The antimicrobial effect of active films comparing to the LDPE film on S. cerevisiae during 14 days is shown in Figure 7(b). As is obvious, the trend of the effect of the PE-Leaf-5 films on S. cerevisiae was similar to the effect of these films on A. niger. The antimicrobial effect of the PE-Leaf-5 resulted in 0.35, 1.65, and 2.68 logarithmic cycles decrease in the 1st, 7th, and 14th days, compared to the initial rate of yeast (105), respectively.

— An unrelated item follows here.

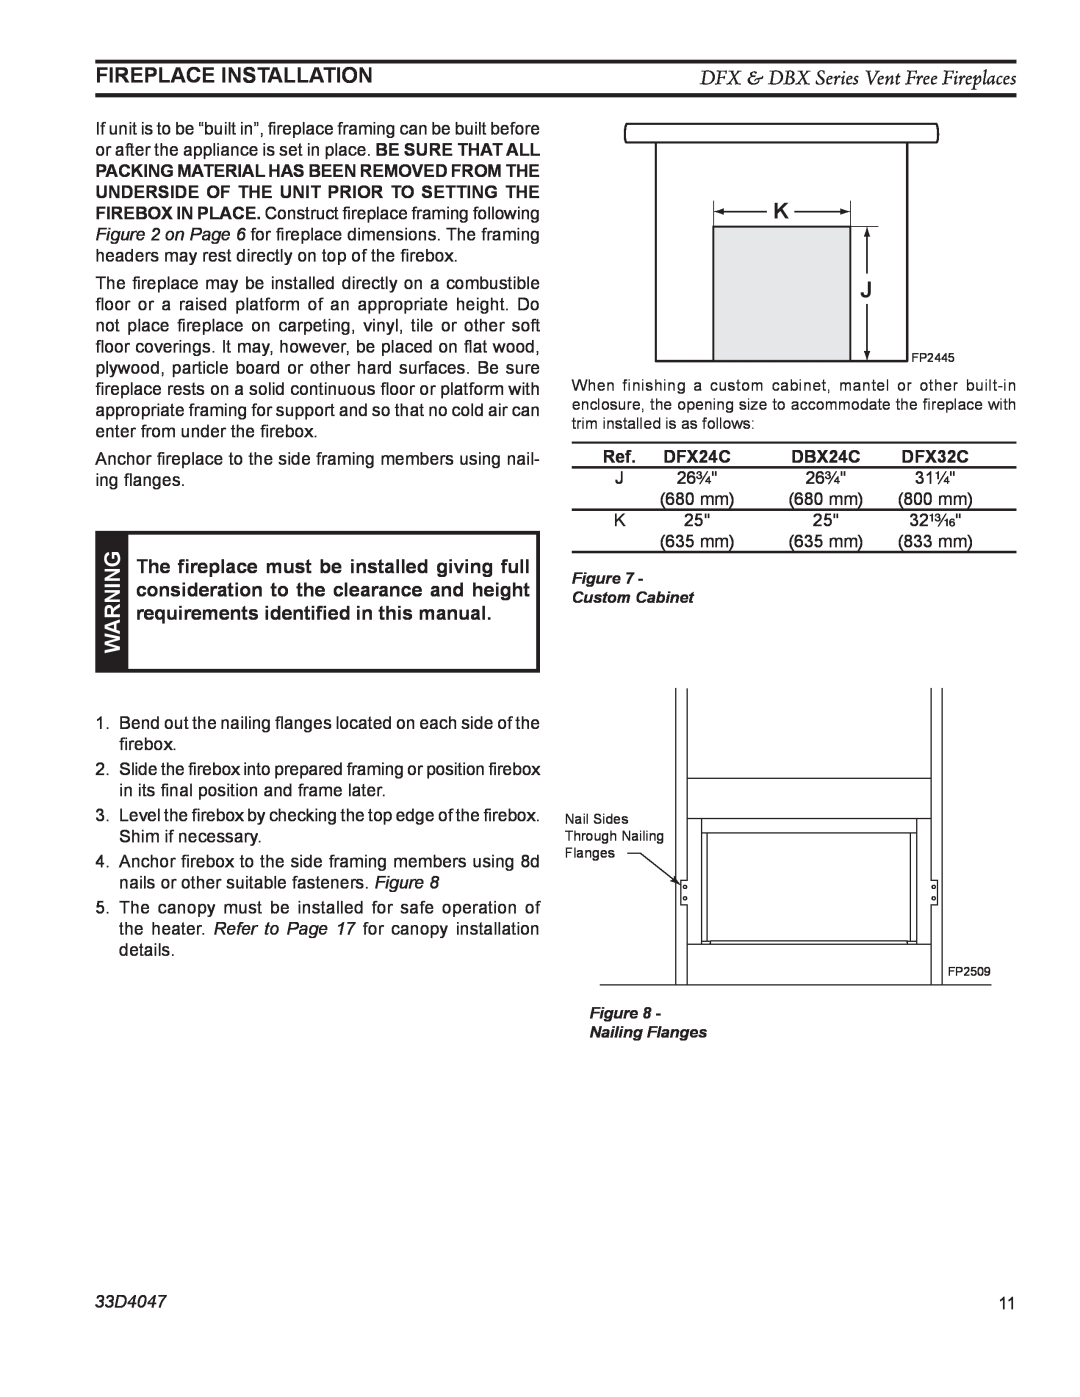 Monessen Hearth DFX24C operating instructions Fireplace Installation, The fireplace must be installed giving full, 33D4047 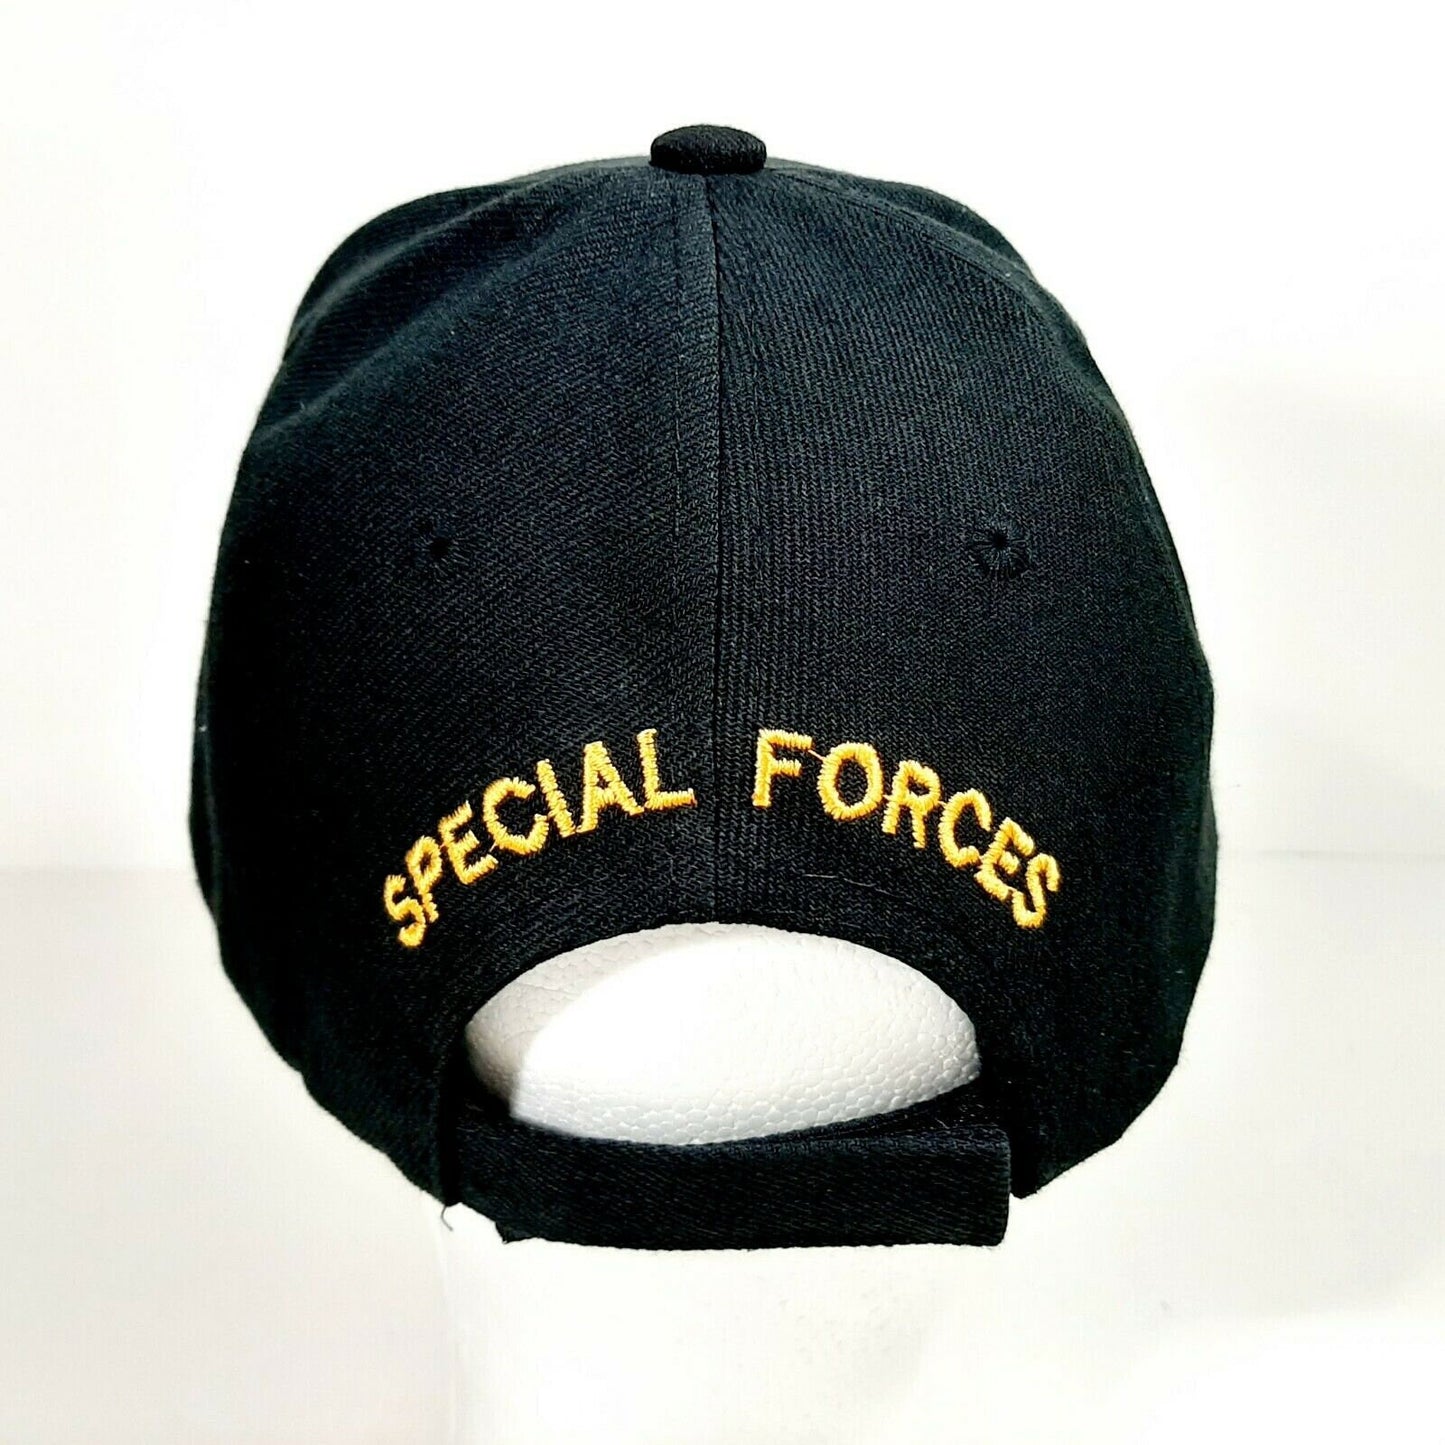 US Army Special Forces Green Beret Men's Ball Cap Hat Black Acrylic Embroidered

The results of the antimicrobial performance of PE-Gum-5 on S. cerevisiae activity (Figure 7(b)) showed that with increasing the time, the antimicrobial effect of films increased. It can be related to the dissolution and release of antimicrobial compounds from the film into the culture medium containing S. cerevisiae. After 7 days, in the PE-Gum-5 a significant decrease (1.19 logarithmic cycles, compared to the first day) in the growth of S. cerevisiae was seen (). At the end of 14 days, a logarithmic cycle of decrease of 2.39 was observed in the presence of PE-Gum-5 compared to the first day. The results of Jafarzadeh et al. [39] reported that active semolina films containing zinc oxide are primarily effective on the fungi (A. niger) followed by yeasts (Candida albicans) and bacteria (S. aureus and E. coli) were effective, and the increasing in the concentration of the zinc oxide increased the antimicrobial effect, which was confirmed by the results of this study. The antimicrobial effects of the PE-Leaf and PE-Gum films can be attributed to the presence of antimicrobial compounds in the Ferula leaf and gum extracts such as α-pinene and ferulic acid, umbelliprenin, sulfur compounds, which was mentioned formerly. The bactericidal effect of soy protein isolate films containing Cortex Phellodendron extract was attributed to the release of alkaloids resulted in the degradation of the bacterial cell surface structure, which led to the release of Ca2+ and K+ from the cell and its effects on the enzymes, DNA replication, RNA transcription, and protein biosynthesis [33].

4. Conclusion

The present study aimed to investigate the properties of the LDPE active films containing different concentrations of Ferula leaf and gum extracts. The results showed that the addition of the extracts caused the disruption of the LDPE polymer matrix and affected its mechanical, thermal, optical, and microstructural properties. Increasing the extract concentration in the films decreased their elongation and tensile strength. The FTIR results also showed the partial interaction between the extract compounds and the polymer matrix. The addition of the extracts to the polymer matrix increased the transmission rate of water vapor and oxygen. The results also confirmed the good antifungal efficiency of films due to the mild release of the bioactive component of F. asafoetida. However, the mild release is desirable for the foods that gradually decayed. In general, the results showed that the LDPE-based films containing the leaf and gum extracts have a promising potential as a bioactive packaging material and can be used to improve the food safety and quality while has a good mechanical, thermal, and barrier properties.

Data Availability

The permitted part of the data used to support the findings of this study is available from the corresponding author upon request.

Conflicts of Interest

The authors declare that they have no conflicts of interest.

Acknowledgments

The authors acknowledge the Iran National Science Foundation (INSF) for financial support of this work (grant no. 9411113).